### SUPPLIED INFORMATION
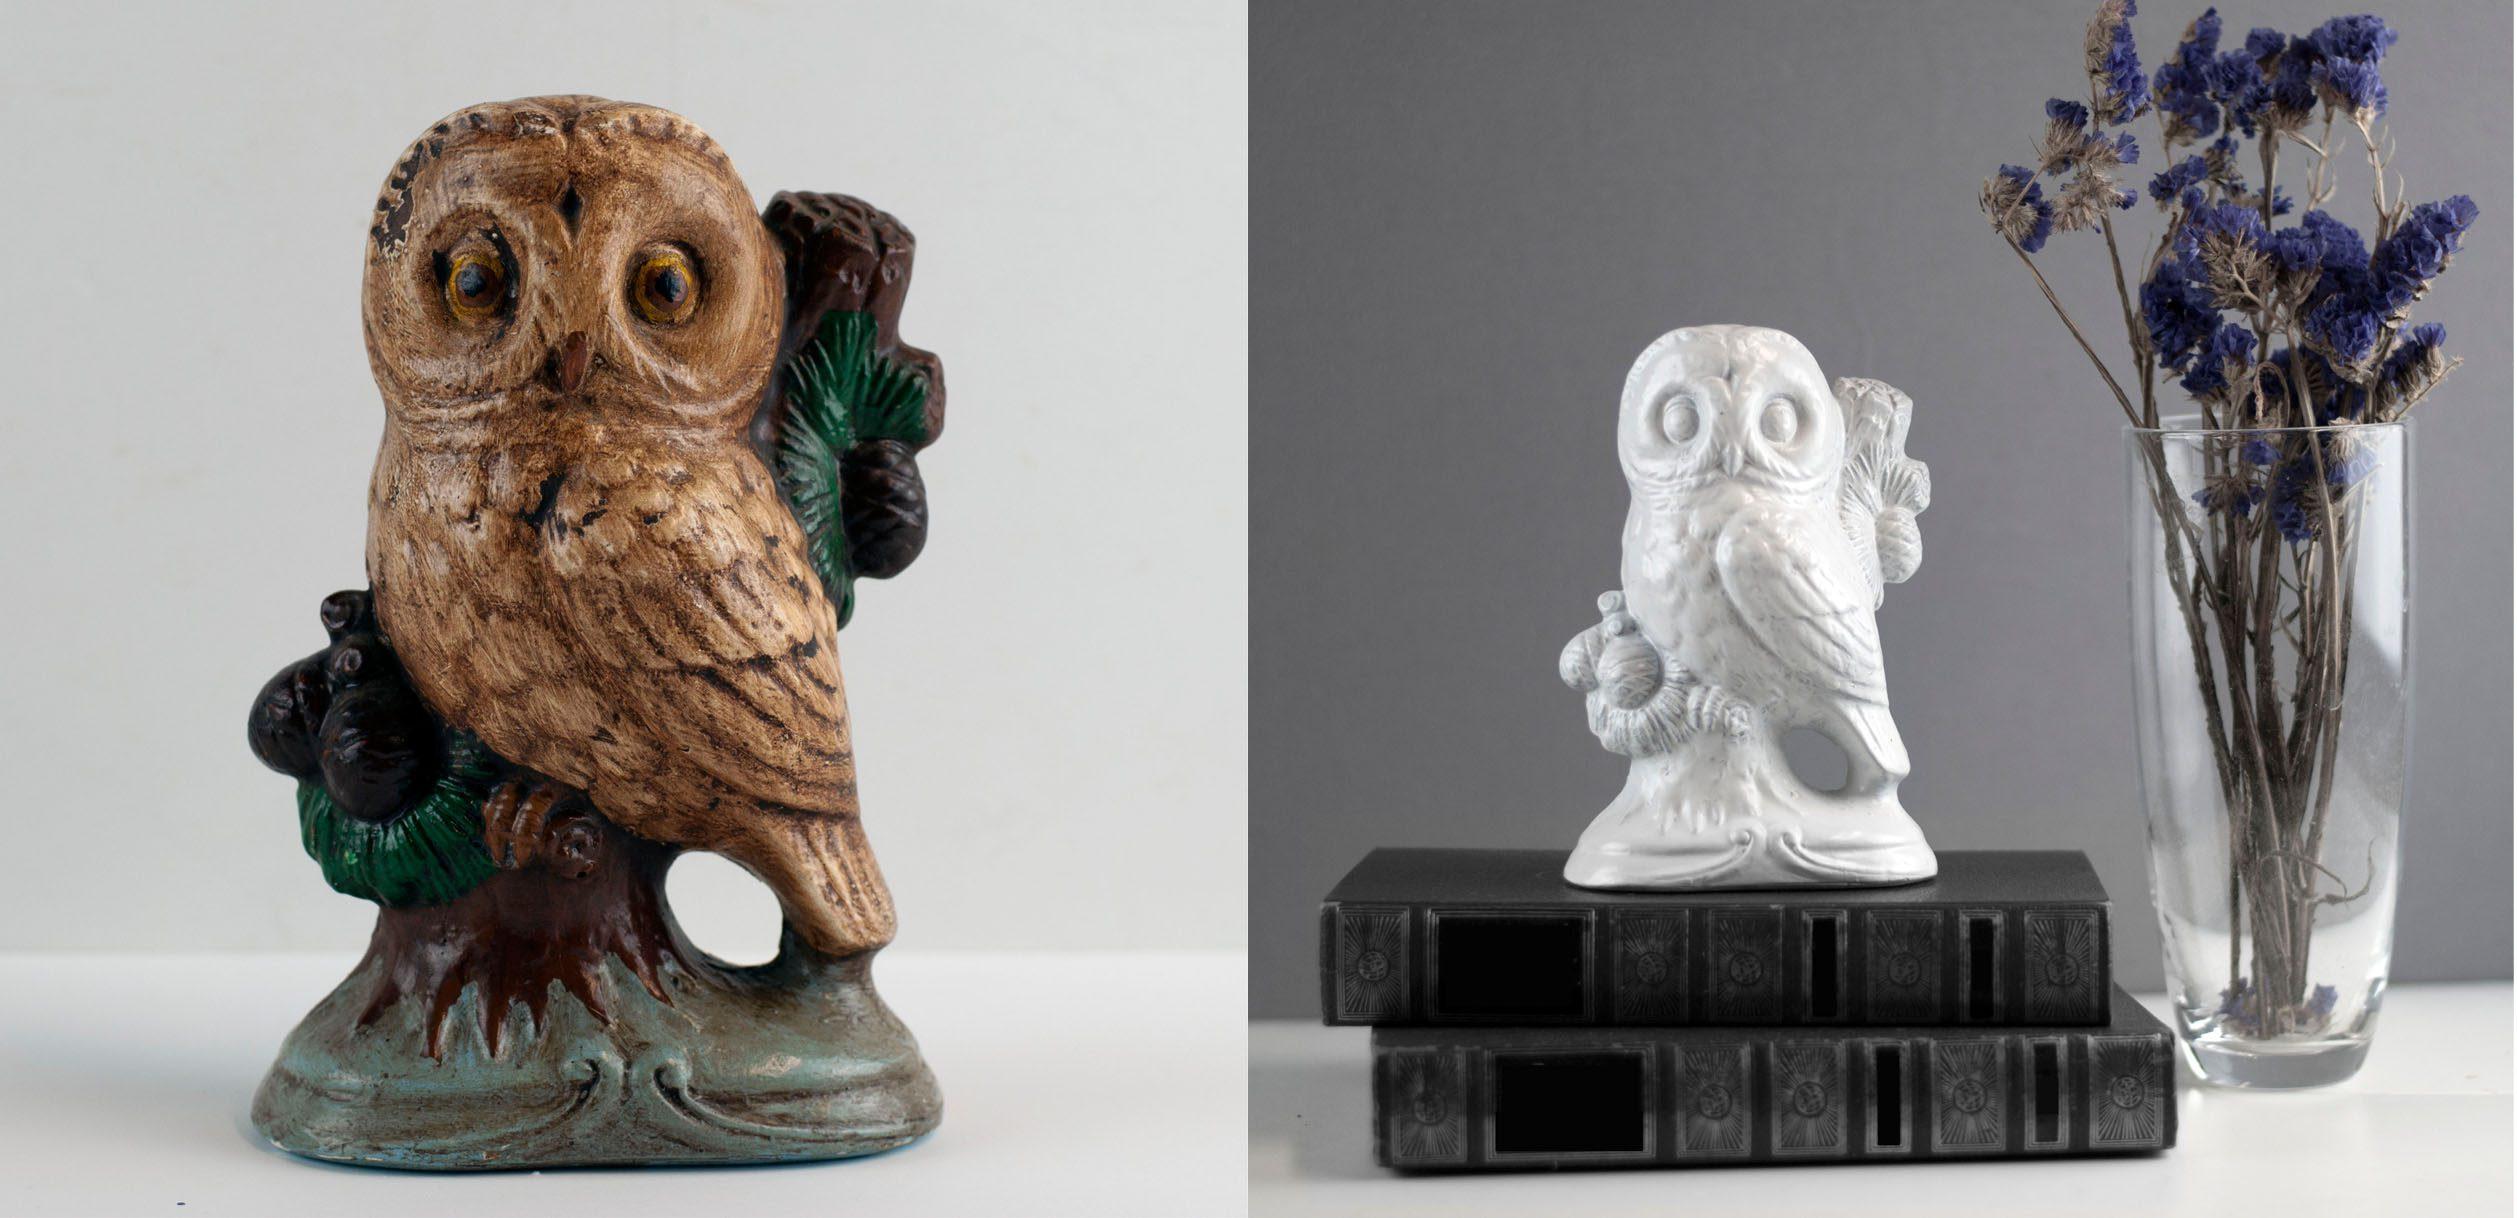 ceramic owl update
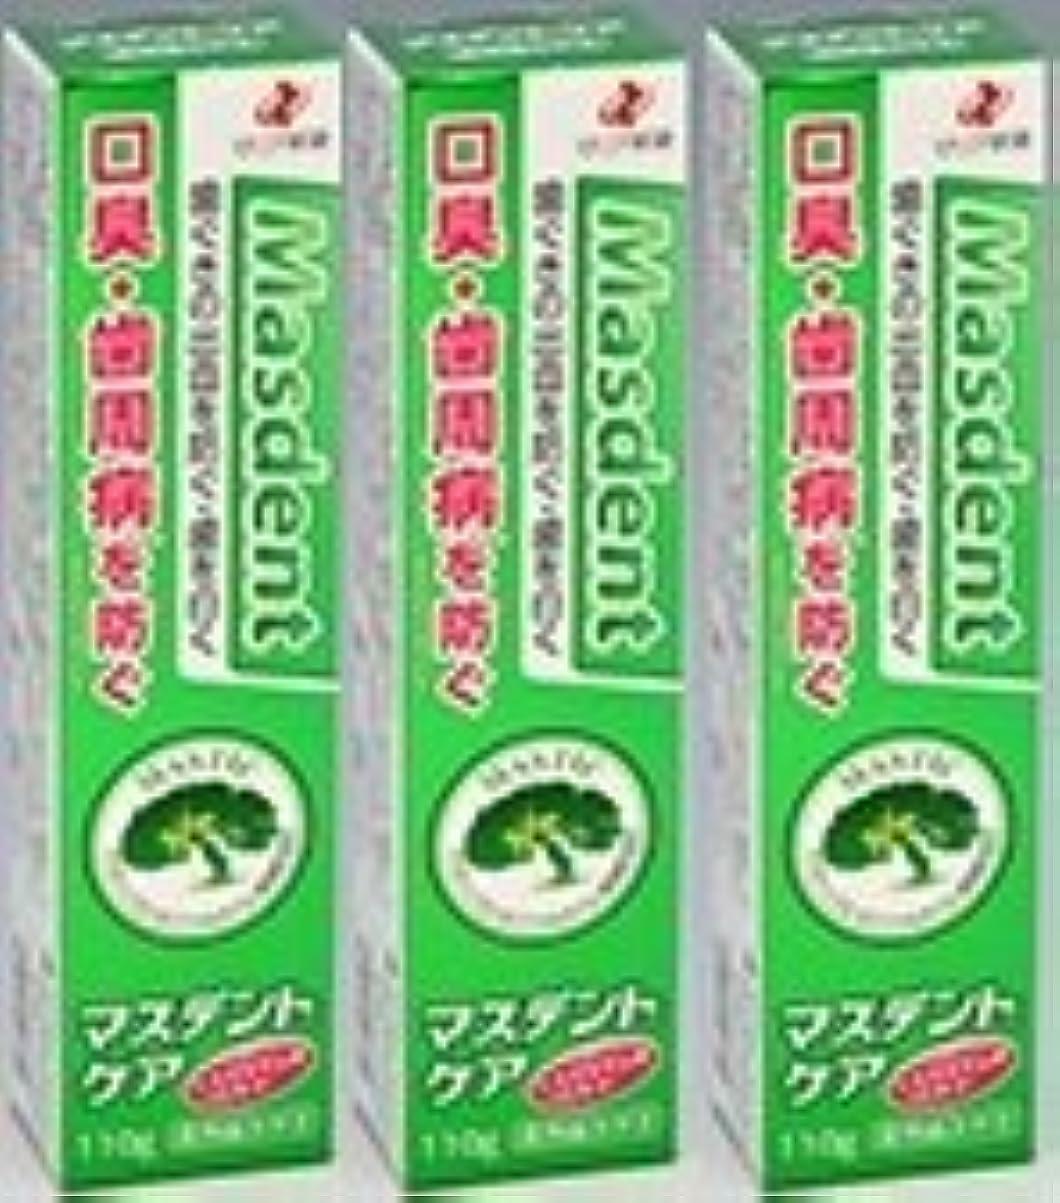 危険読む交流する薬用歯磨き マスデントケア110g×3本セット
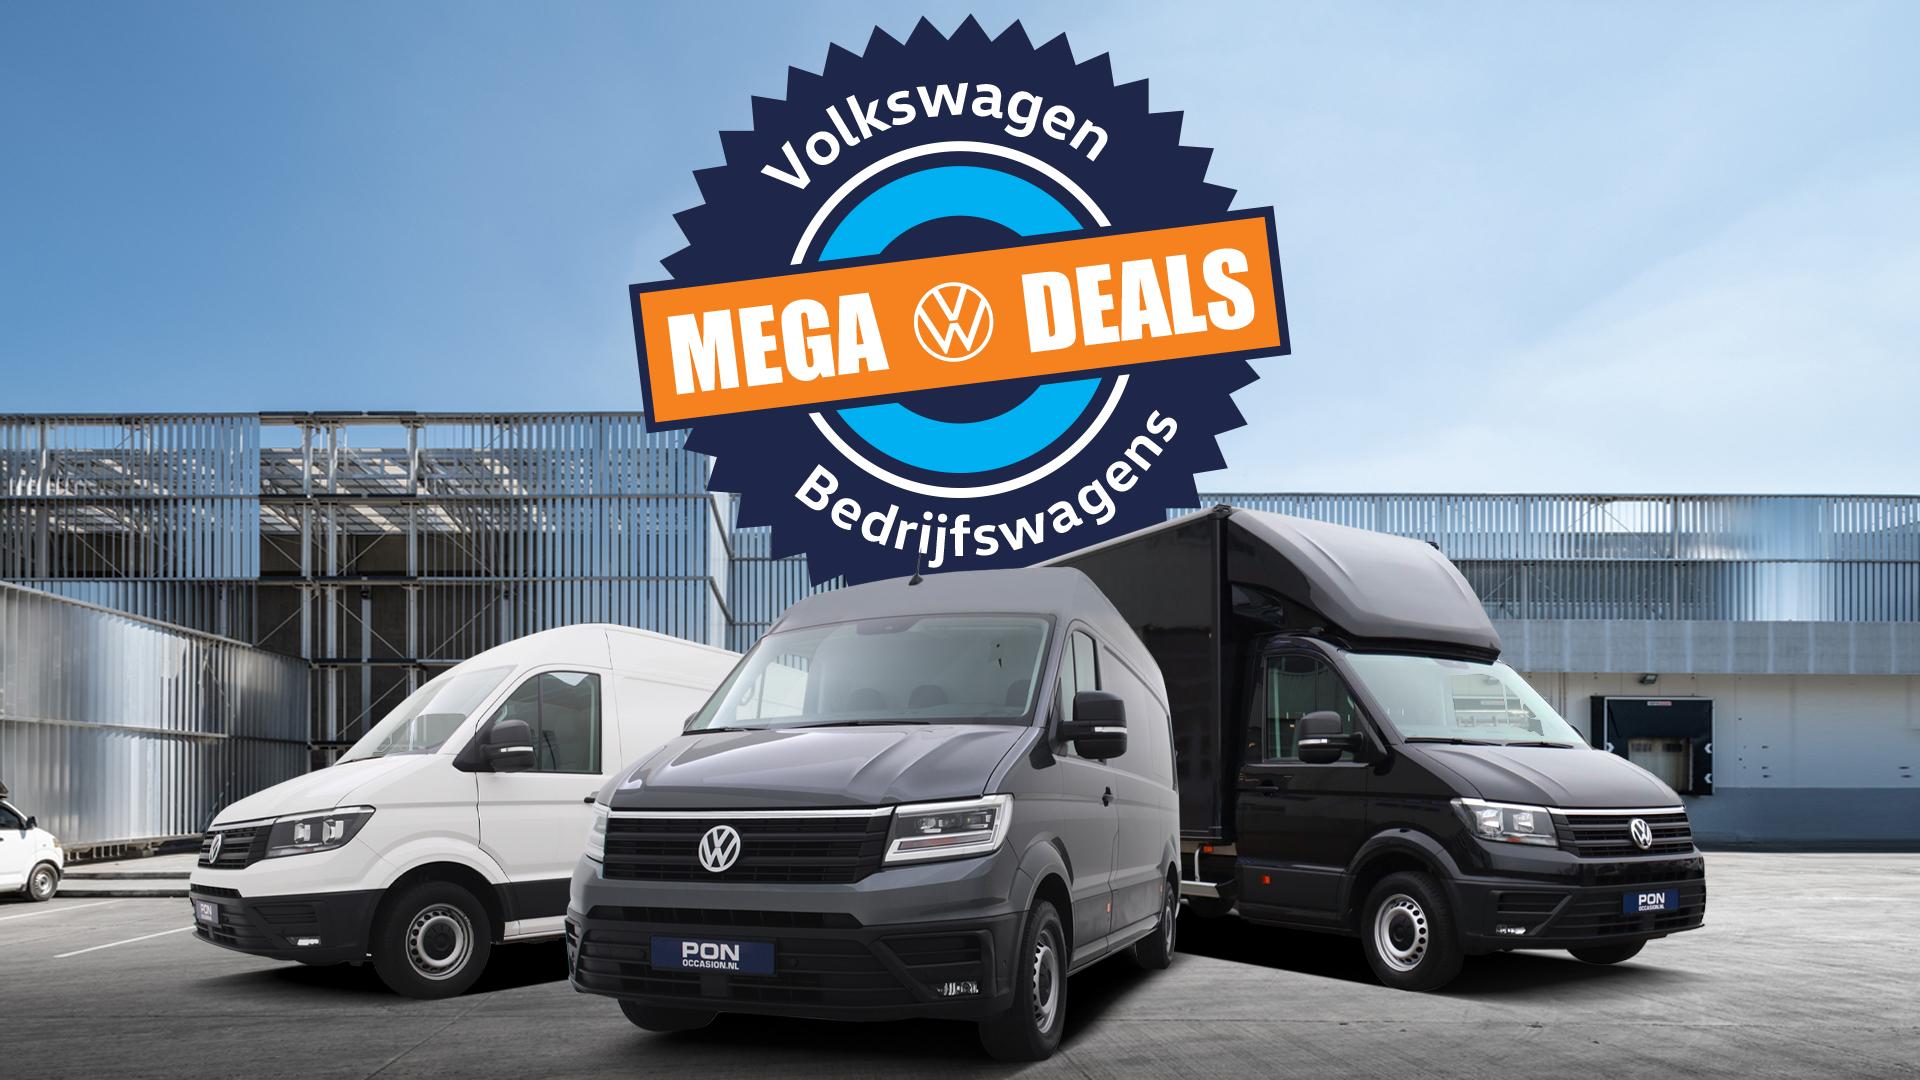 Volkswagen_Crafter_Mega_Deals_bij_Pon_Occasion.jpg
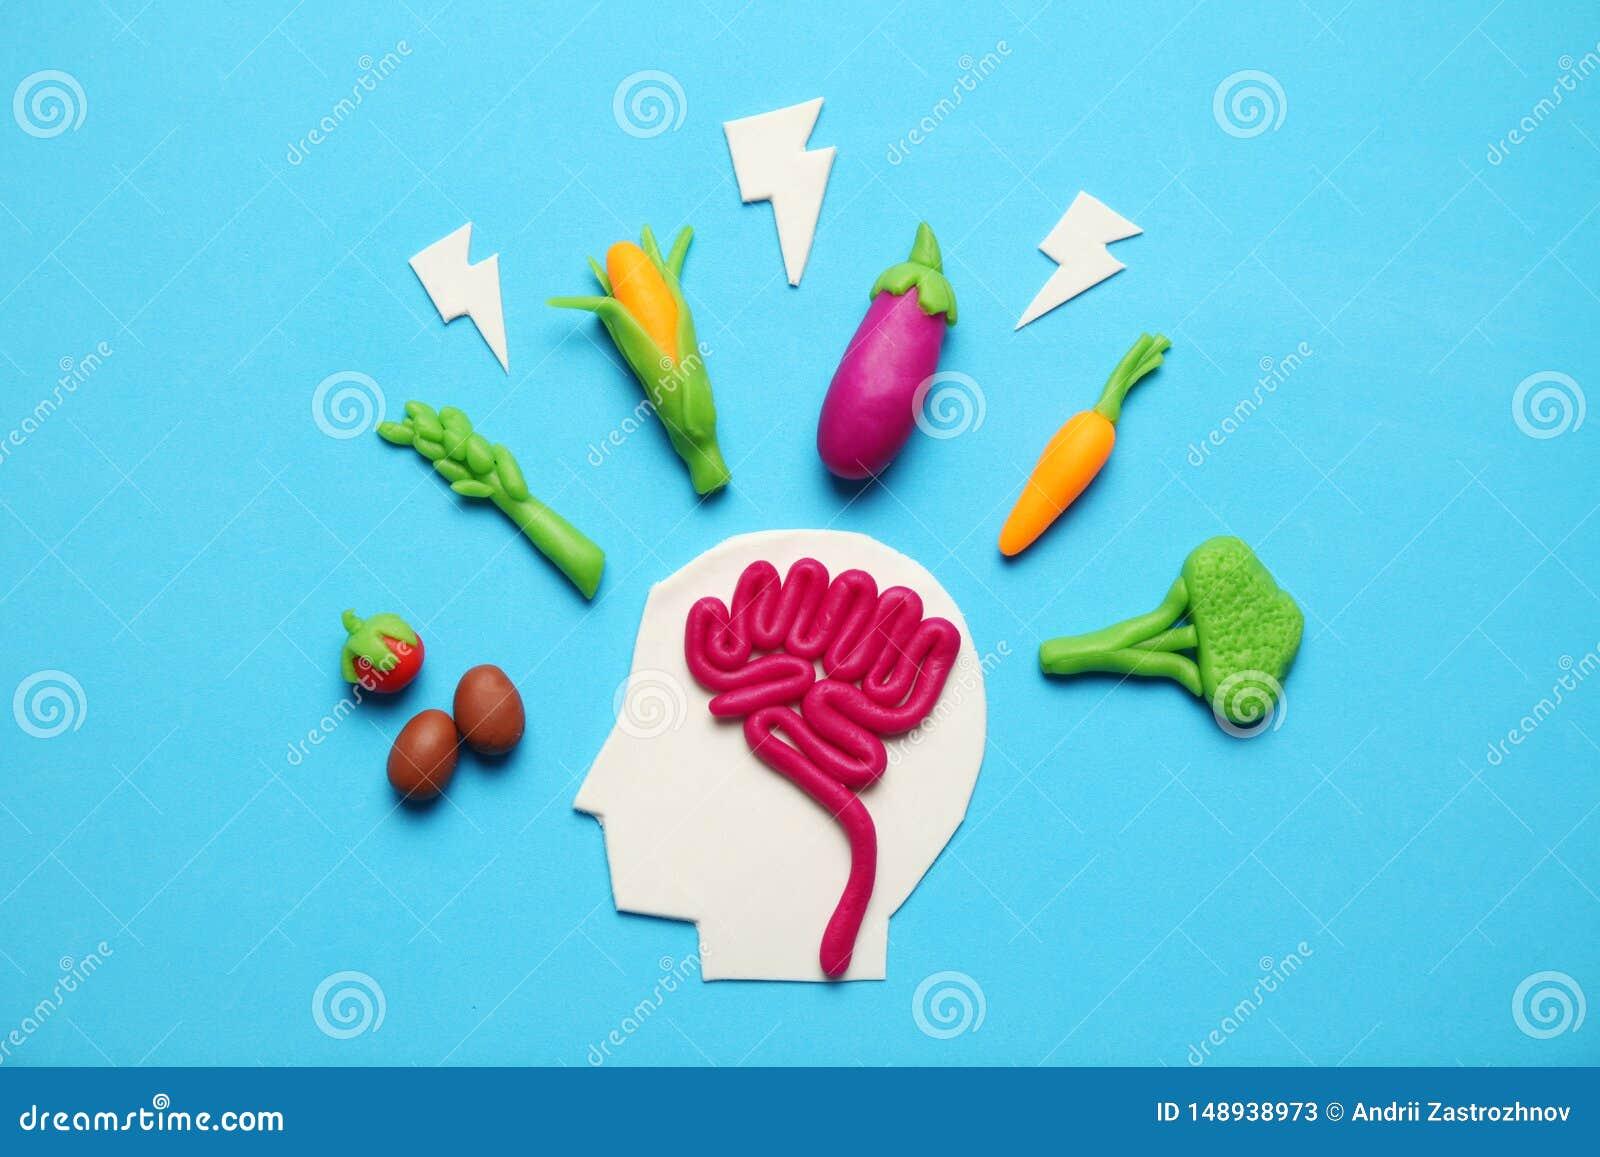 Plastellinadiagram av mannen och vegetarisk mat Mat för meningen, laddning av energi Sund livsstil, detoxification och antioxidan

### TASK BRIEF
Look above for the line containing "Volkswagen_Crafter_Mega_Deals_bij_Pon_Occasion.jpg"; output that line and all lines after it through the last one exactly, without the pictures.

### TASK RESPONSE
 Volkswagen_Crafter_Mega_Deals_bij_Pon_Occasion.jpg
 Plastellinadiagram av mannen och vegetarisk mat Mat för meningen, laddning av energi Sund livsstil, detoxification och antioxidan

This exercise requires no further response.